# Turn PS3 into a laptop



## Ares (Nov 23, 2009)

This guy is great at taking a game console and turning it into a laptop,he has done every console so far from Sony and Microsoft check out the slim laptop

http://benheck.com/10-01-2009/ps3-slim-laptop

so what do you think.


----------



## lsiberian (Mar 24, 2009)

Ares said:


> This guy is great at taking a game console and turning it into a laptop,he has done every console so far from Sony and Microsoft check out the slim laptop
> 
> http://benheck.com/10-01-2009/ps3-slim-laptop
> 
> so what do you think.


Looks fun.


----------



## Ares (Nov 23, 2009)

How you doing Isiberian seems like I am running into you all over the web. here is his first PS3 laptop.






Enjoy


----------



## ccs86 (Apr 21, 2010)

That is pretty sick!

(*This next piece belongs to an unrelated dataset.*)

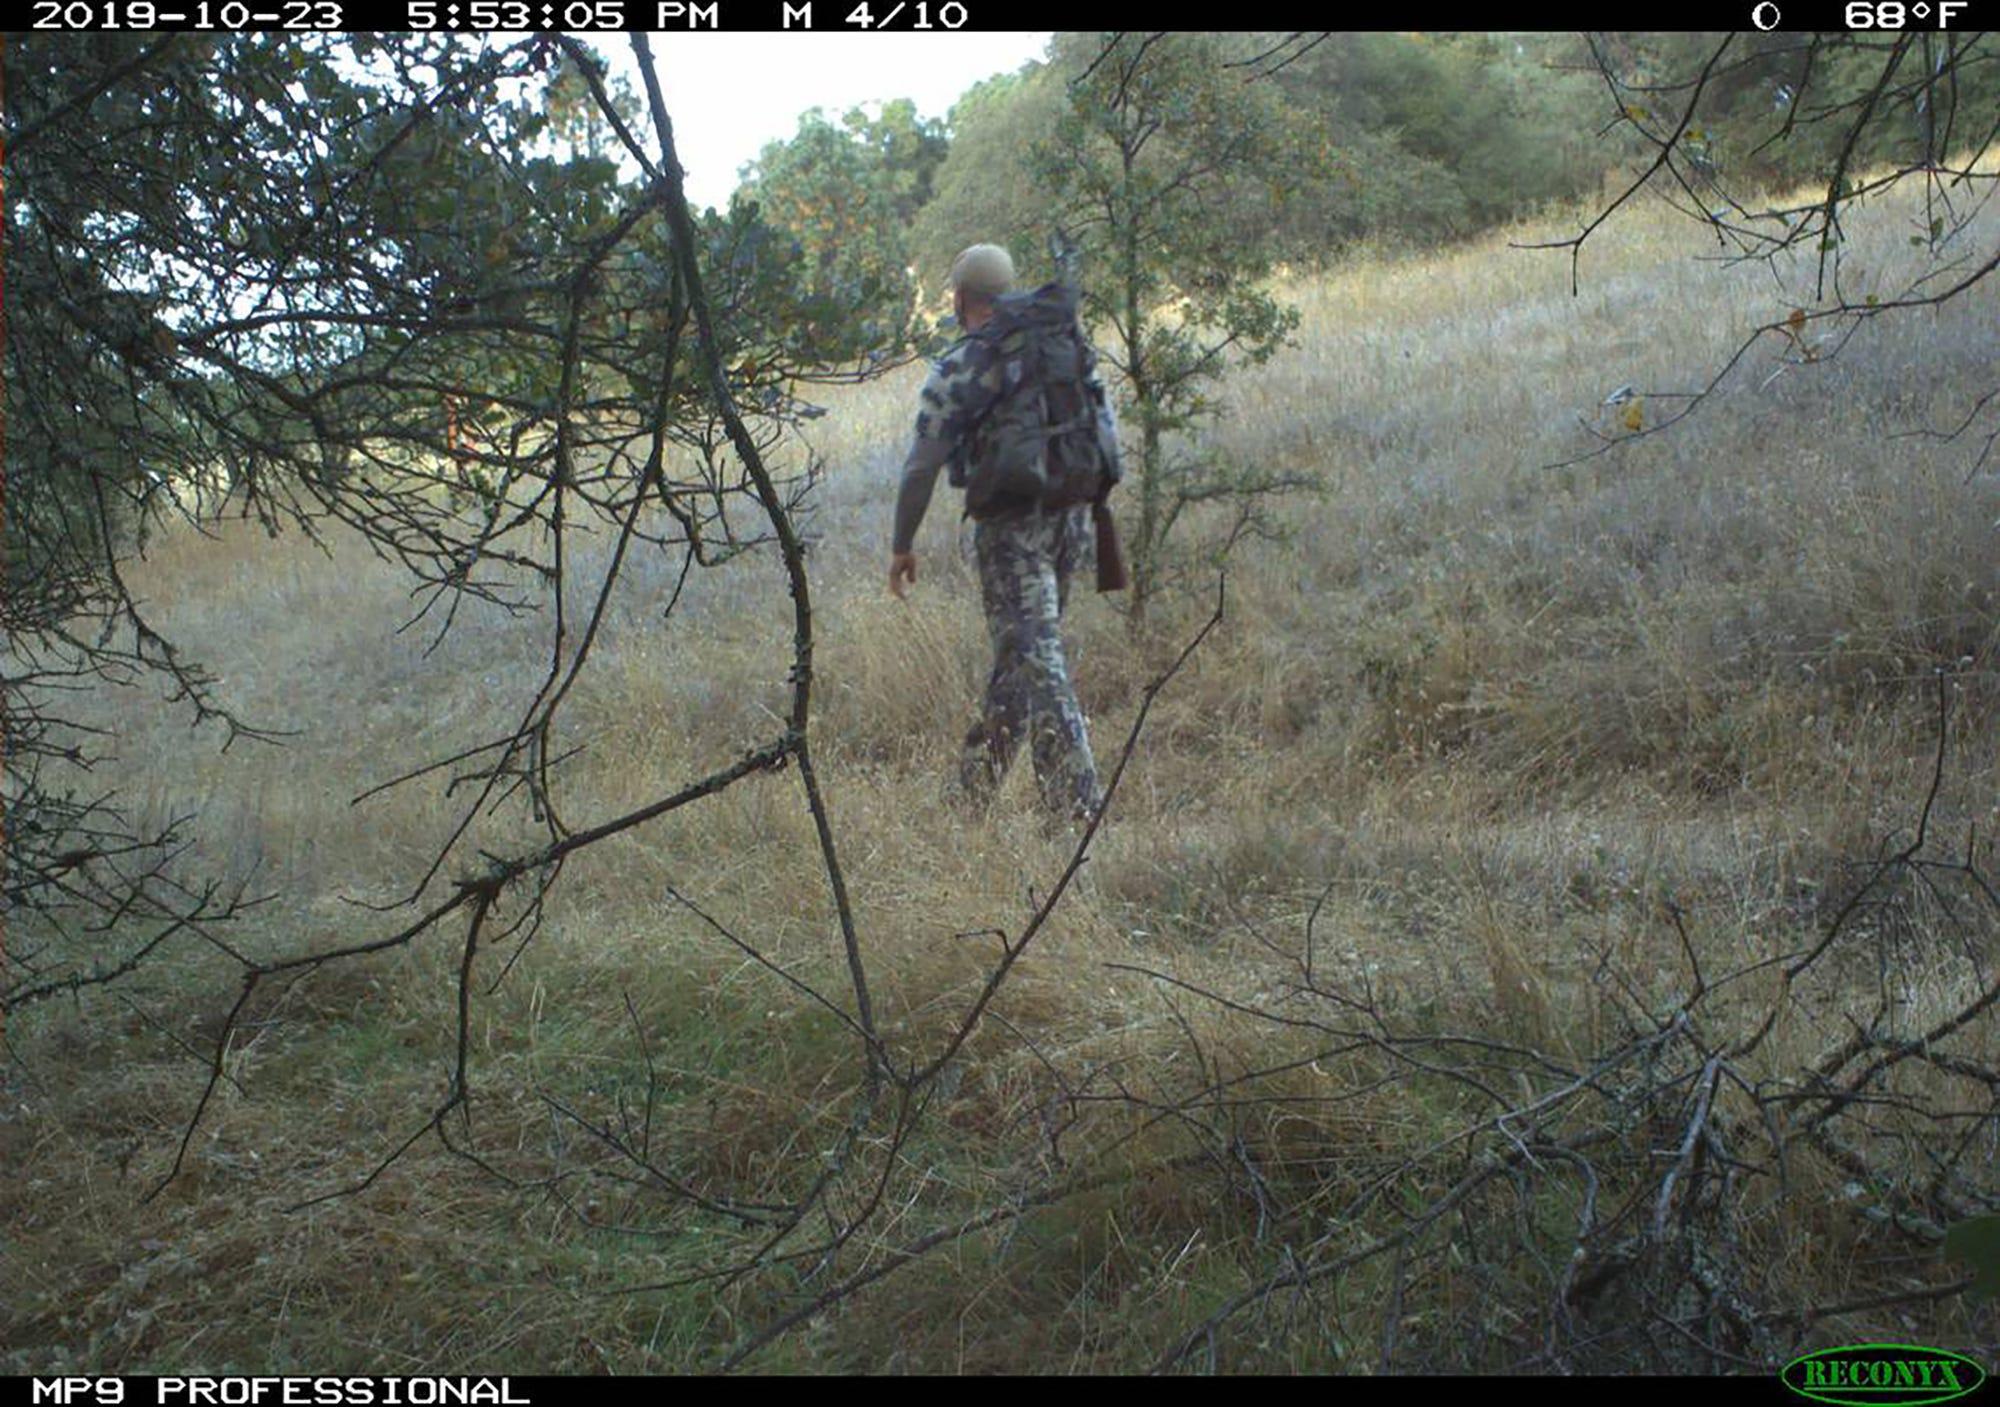 How California snared 2 elite hunters posting kills on social media 2
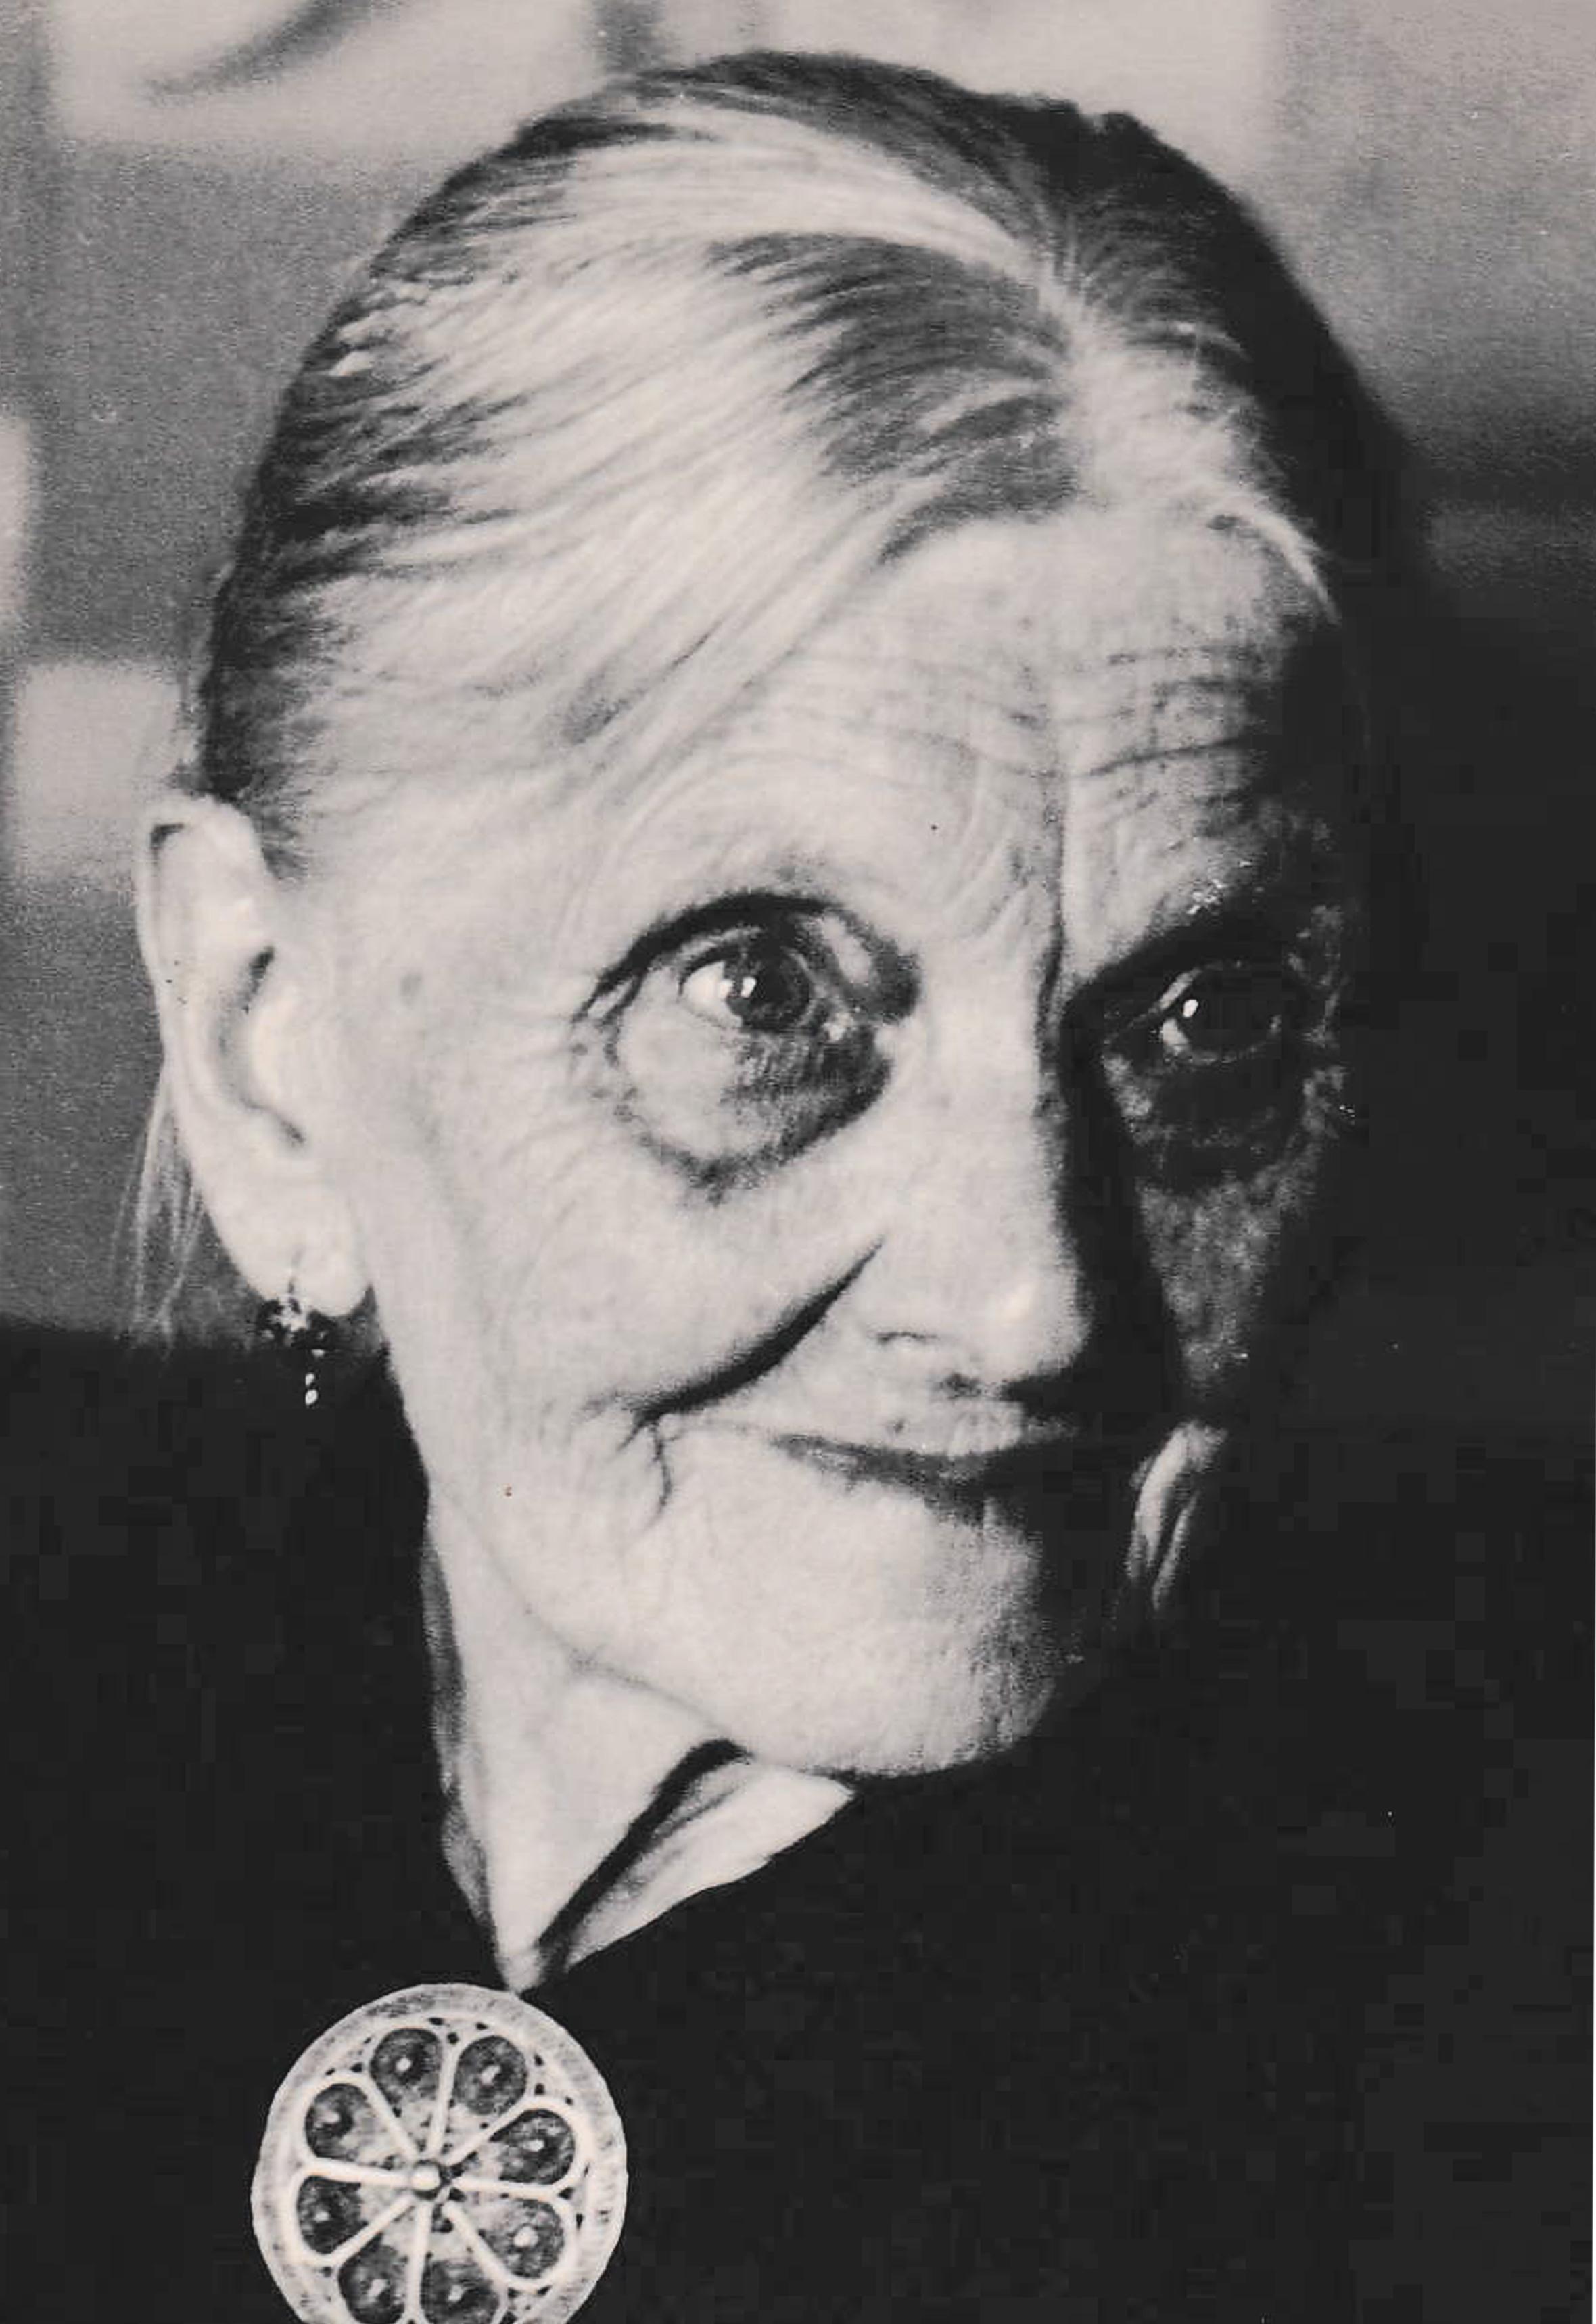 Augusta Köppen , Gertrud's mother and Elsa's grandmother, was known as Mütterchen (little mother).

Gotta love some real ingenuity


----------



## WhatHappend (May 25, 2008)

Now that SONY as removed the Other OS feature, calling it a laptop is not as correct. My son would love it to game with in the car on long road trips. I wonder if Sony will sell any LCD screen for the PS3 for car gaming?


----------



## iponk1322 (Jun 14, 2008)

My head dizzy just by looking at ways of making it.
But it must be nice to have a 'portable' game console with HD picture quality.
:T


----------